Hakim the dream: Ziyech holds key to Ajax’s problems

This piece was written by Dutch football writer Lukas Schröder. You can follow him on Twitter @LukasSchroder

They may have left it late, but Ajax have signed one of the most talented and exciting young players in the Eredivisie – and he is exactly what they have needed.

In recent years, Ajax, under Frank de Boer and this season Peter Bosz, have been stale and lacking creativity. Despite a large selection of midfielders to choose from, there has been no inspiration in the middle of the park.

But three years since the sale of Christian Eriksen to Tottenham Hotspur, they have finally found a player in that mold capable of injecting a spark into the team.

Ajax are lucky, in a sense. The consensus is that Ziyech has no business remaining in the Eredivisie. So integral and impressive has he been for FC Twente that it was expected a team across one of Europe’s top leagues would snap him up even in January, never mind the summer transfer window.

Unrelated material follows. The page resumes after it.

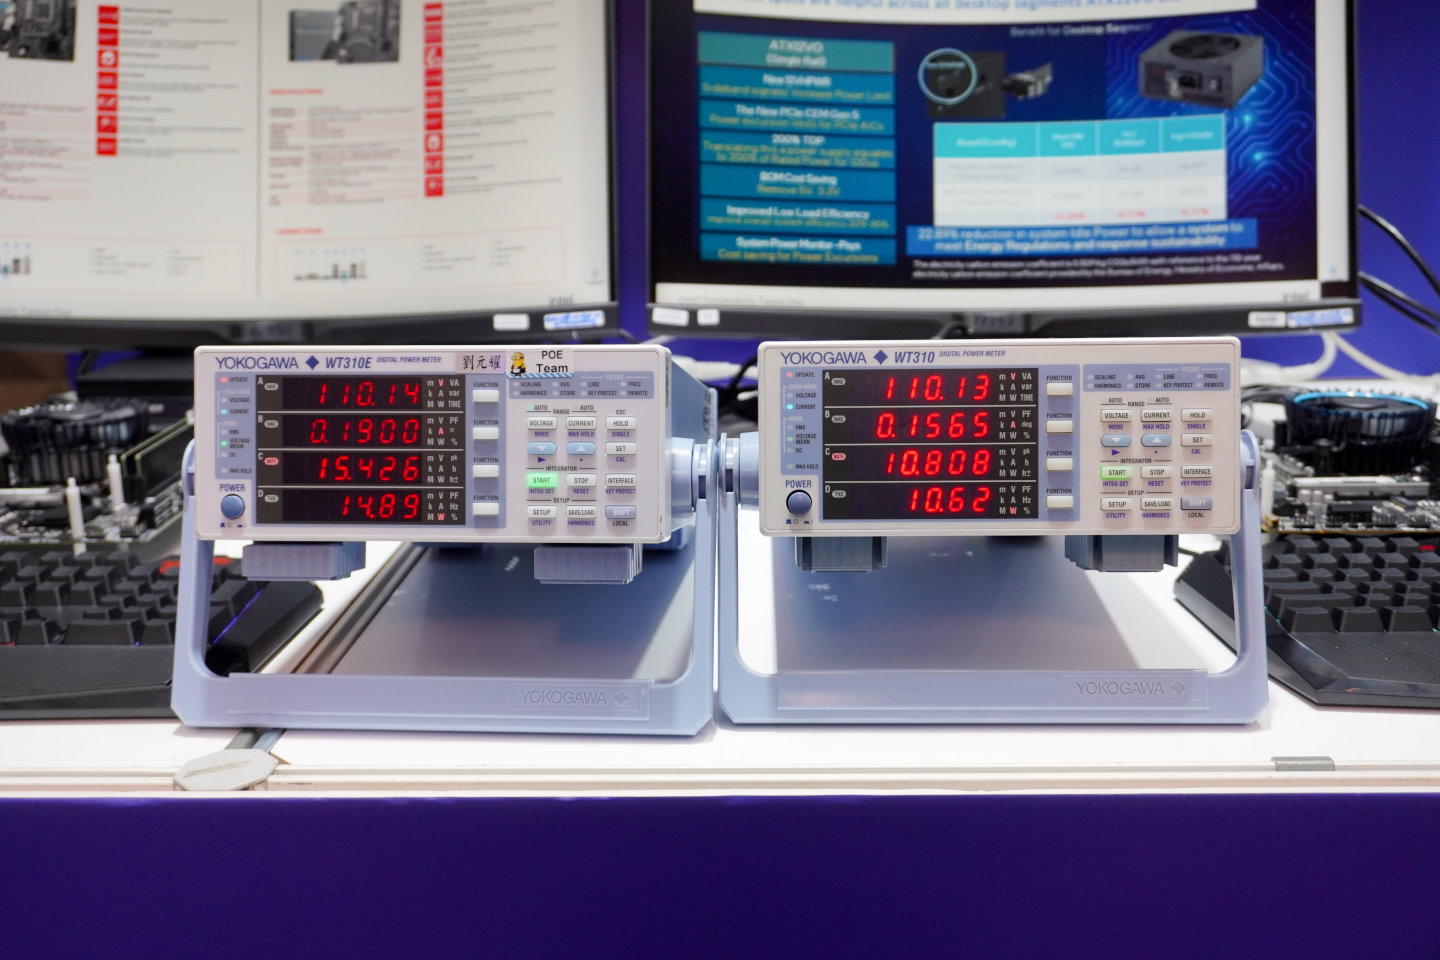 ATX 12VO的桌上型電腦（右）在閒置時平均全機功耗為10.808W，而使用傳統電源的電腦（左）則為15.426W。

Despite links to various clubs in England, Italy and Germany, it is Ajax who have seized the opportunity and the bargain by signing him for €11 million.

While it is a good move for the capital club, it has been quite frustrating that, having initially publicly passed up on him, they have turned to him so late.

After all, Ajax have already failed to qualify for the Champions League, losing a humiliating 5-2 on aggregate to FK Rostov.

But with PSV improving further and looking heavy favourites to lift another Eredivisie title this term, Ajax’s flat performances so far have made it clear that a player like Ziyech is an absolute necessity.

You only need to look at Ajax’s first leg clash with Rostov to see how poorly assembled they were in midfield – their 4-1 capitaluation in the second-leg was so bizarre and calamitous that the midfield was basically non-existent, never mind disorganised.

Even in the Amsterdam ArenA, Bosz’s men failed to take the initiative and generate any sort of creative threat.

The most obvious problem was, again, the construction of the midfield three. Just as most of last season, Davy Klaassen was played in an attacking midfielder role, with Nemanja Gudelj and Riechedly Bazoer behind. The trio undoubtedly have enormous skill and potential, but together they prevent Ajax from imposing themselves enough on the ball. Part of the problem against Rostov originated in midfield, with defenders Jairo Riedewald and Davinson Sanchez having tremendous problems in the build-up.

Because of the 4-2-1-3-construction of the side, there is no midfielder dropping to the defence to accelerate the build-up. Furthermore, the lack of movement from the midfield three has been a big problem, as they have been unable to get into good positions to advance attacks. As an effect, Riedewald and Sanchez are forced to play long-balls, or hand the ball over to the full-backs far too early. Especially Joel Veltman, who replaced Kenny Tete on the right side of defence, had a lot of problems when he received the ball in midfield. The Dutch international had enormous struggles getting the ball to a team-mate when he got the ball earlier than at crossing distance of the Rostov-goal.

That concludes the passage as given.